→ What needs to be done
Transcribe the lines below verbatim, skipping the images.

→ Supplied information

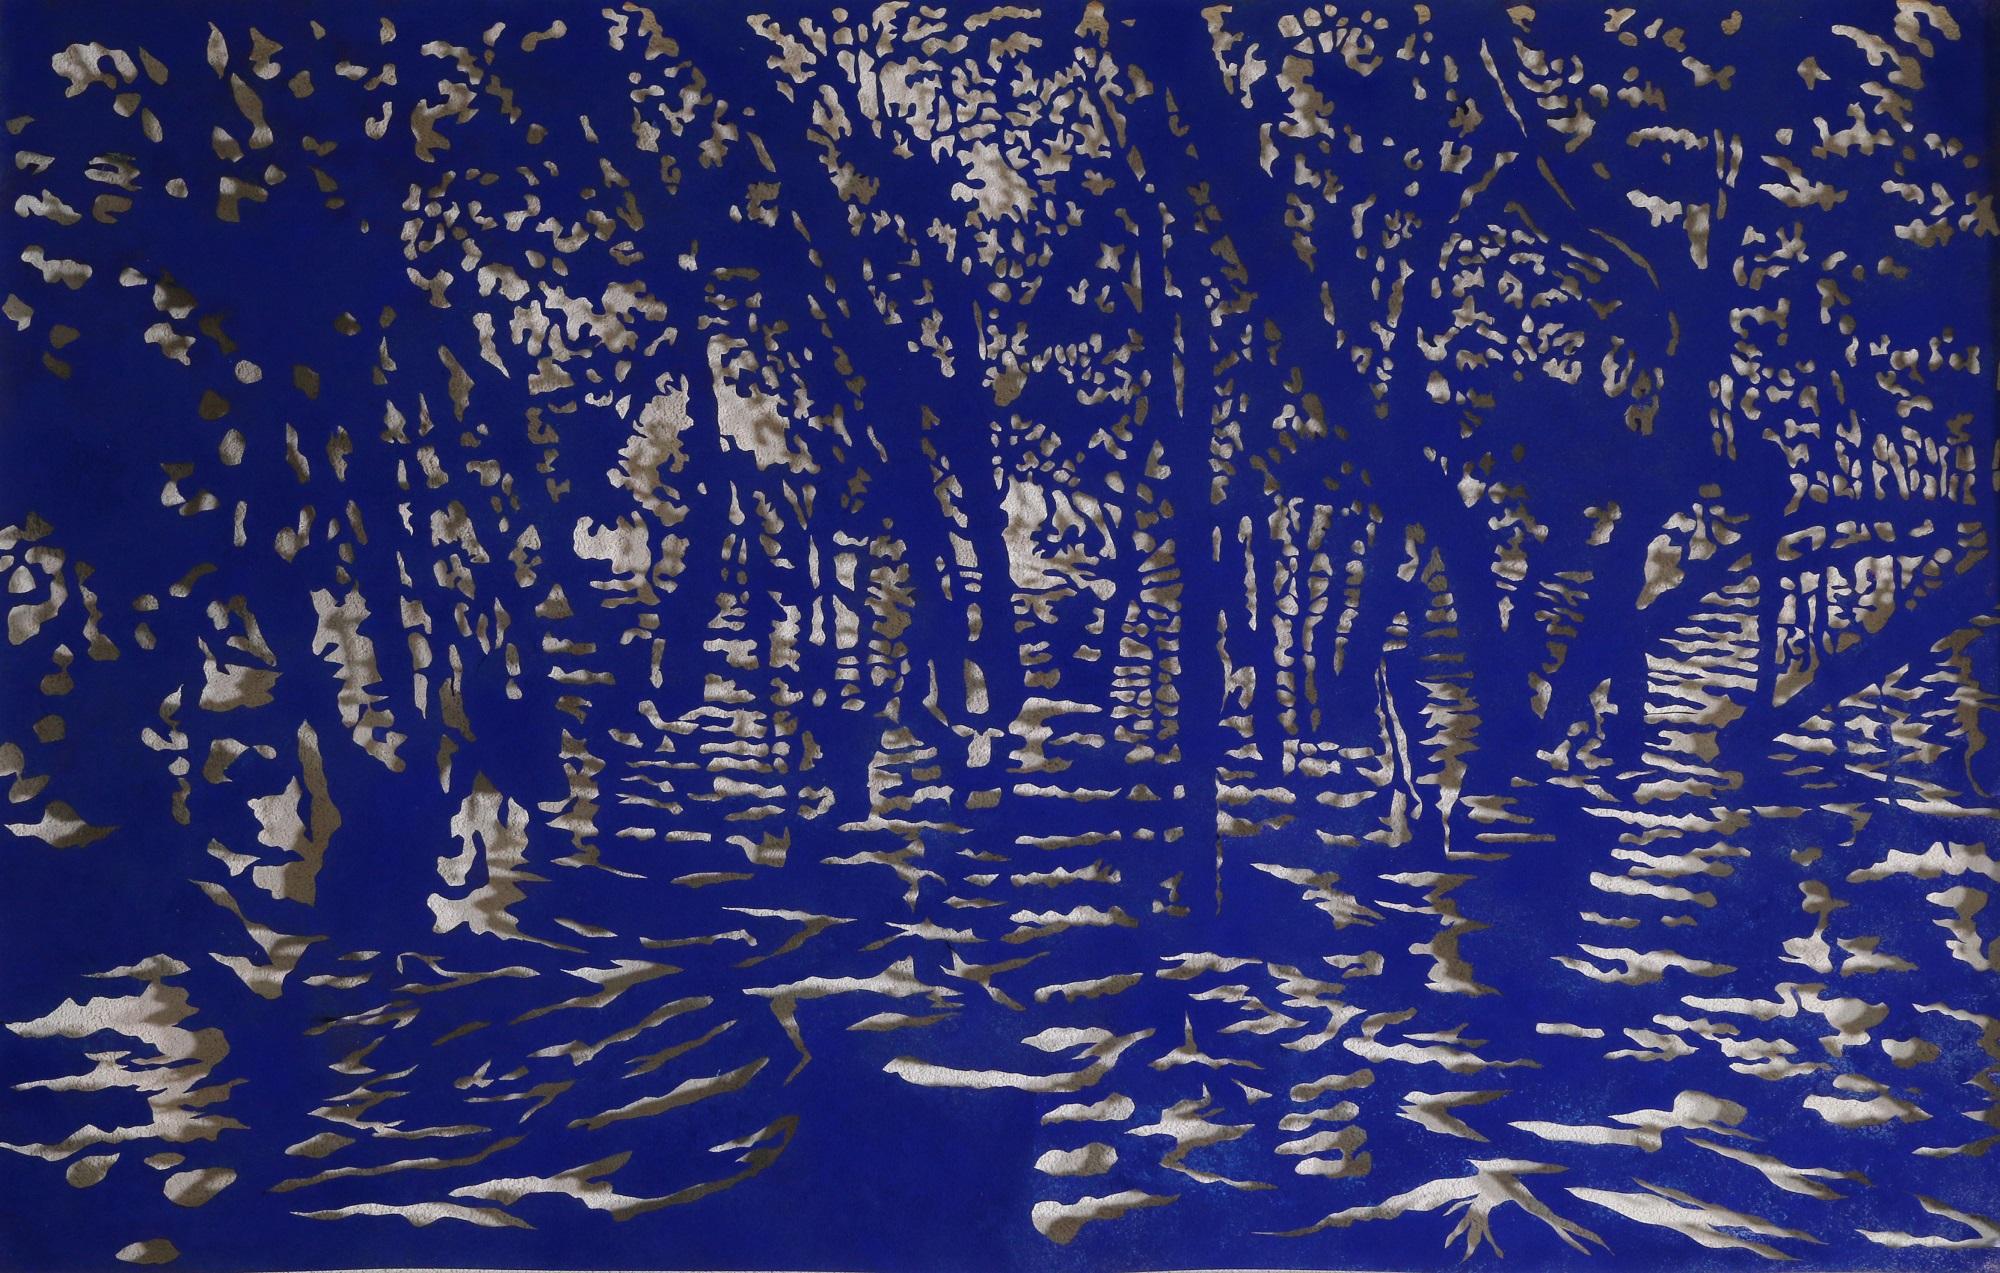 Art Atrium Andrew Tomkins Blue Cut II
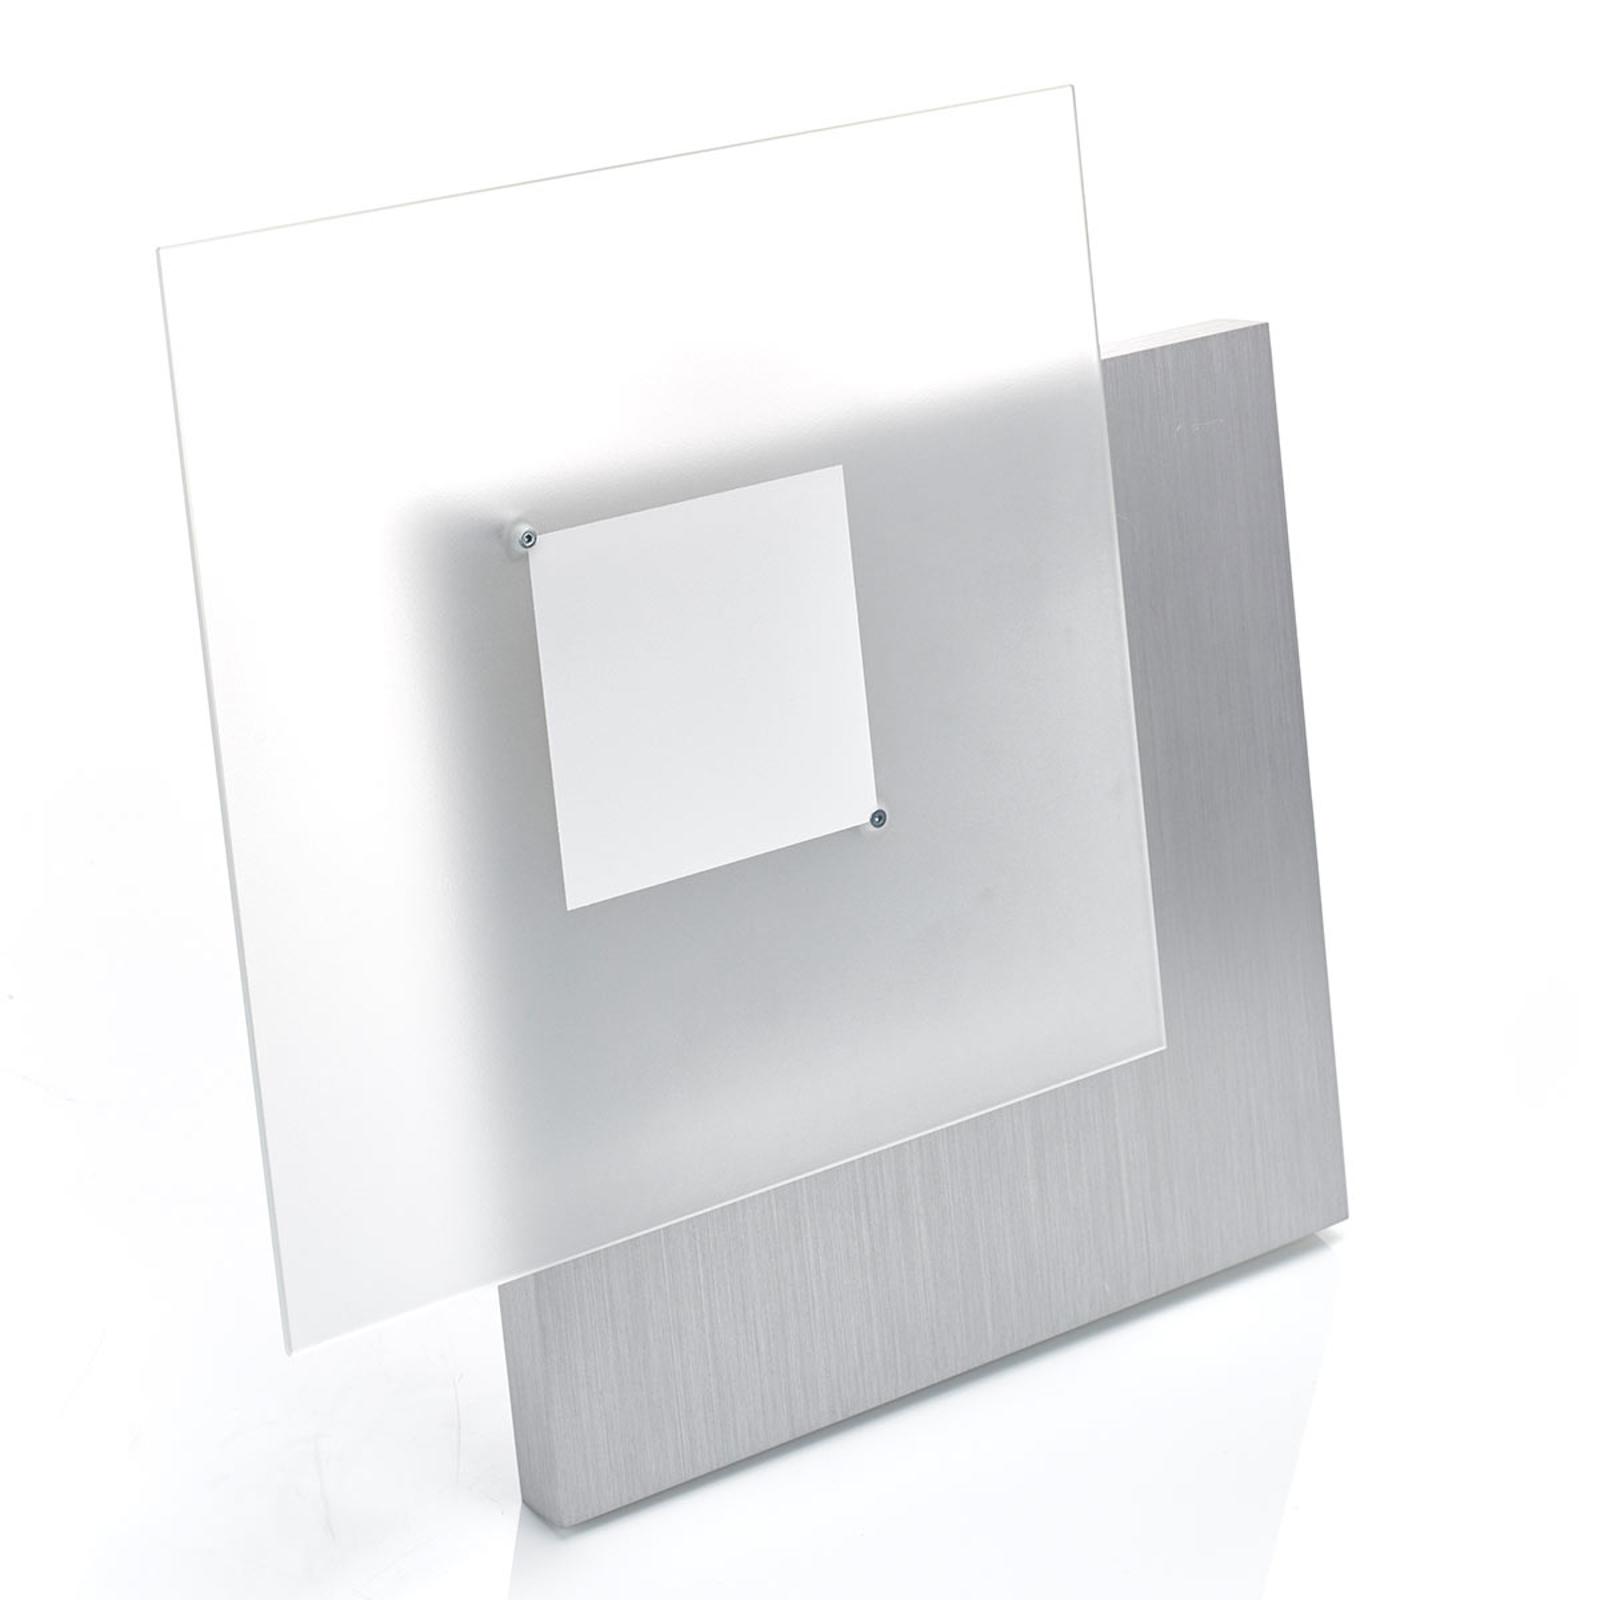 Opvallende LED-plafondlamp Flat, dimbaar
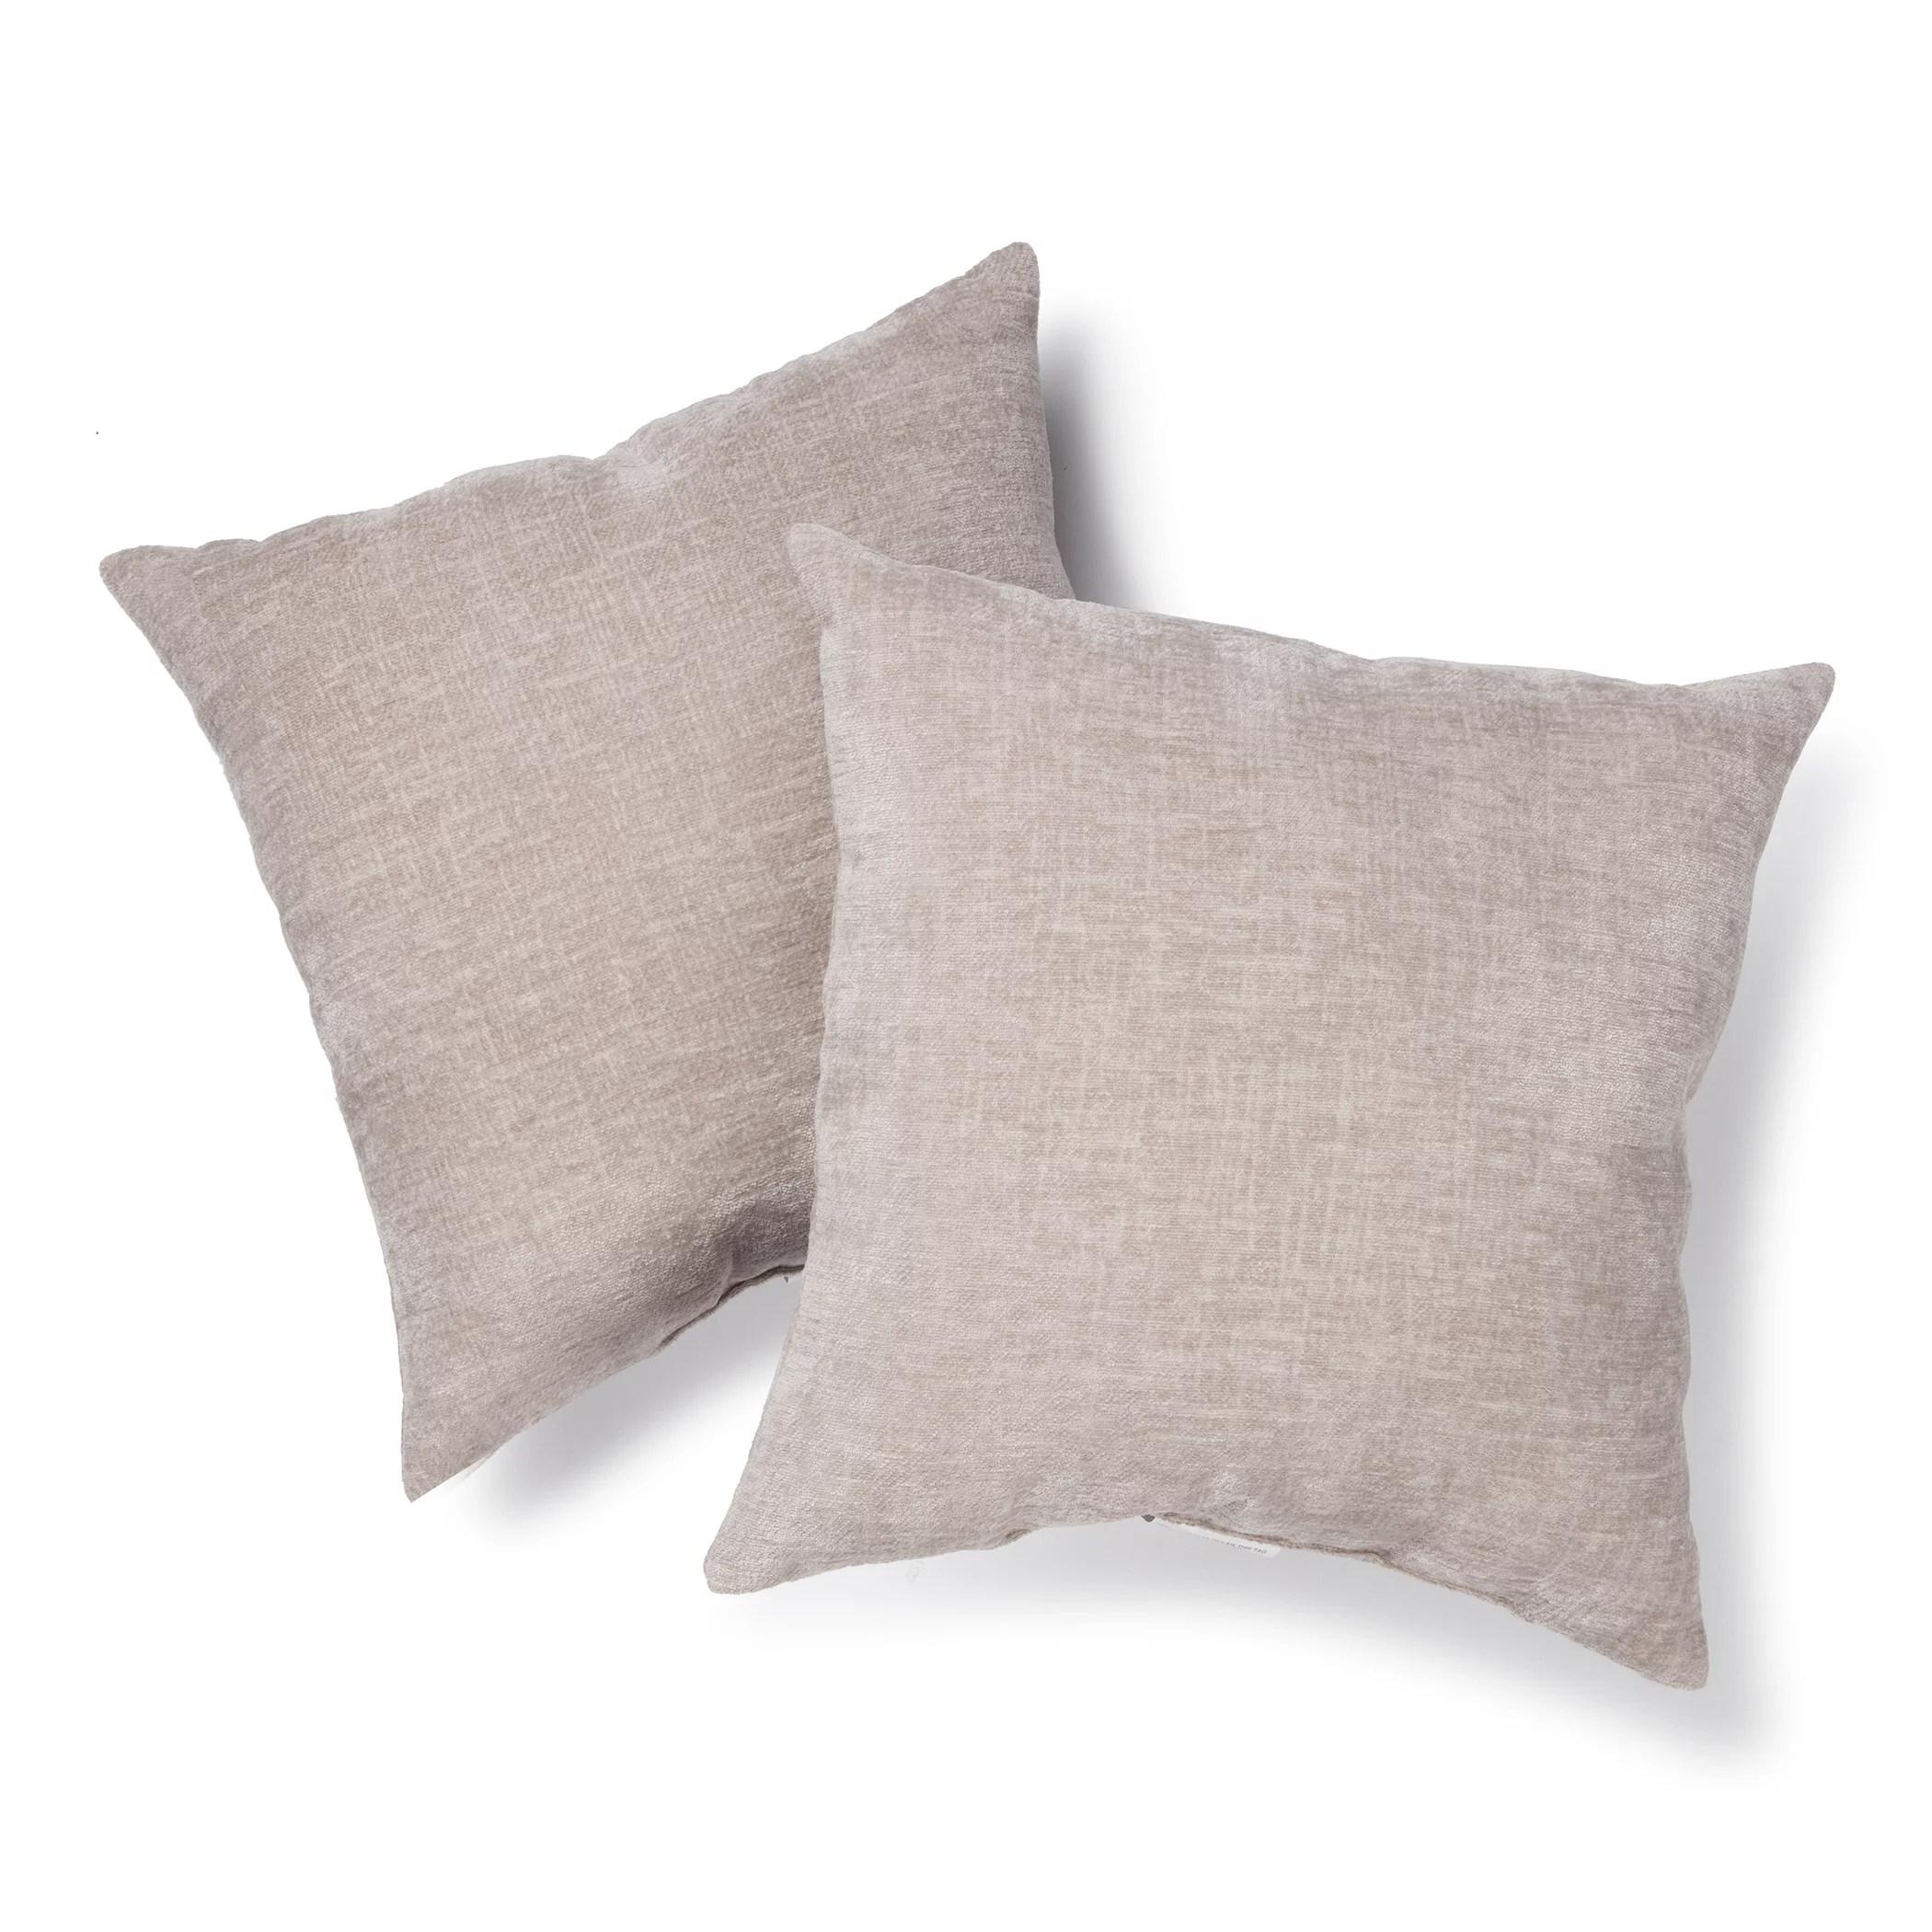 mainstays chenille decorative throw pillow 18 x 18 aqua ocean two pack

→ Answer for this exercise
 Art Atrium Andrew Tomkins Blue Cut II
 Opvallende LED-plafondlamp Flat, dimbaar
 mainstays chenille decorative throw pillow 18 x 18 aqua ocean two pack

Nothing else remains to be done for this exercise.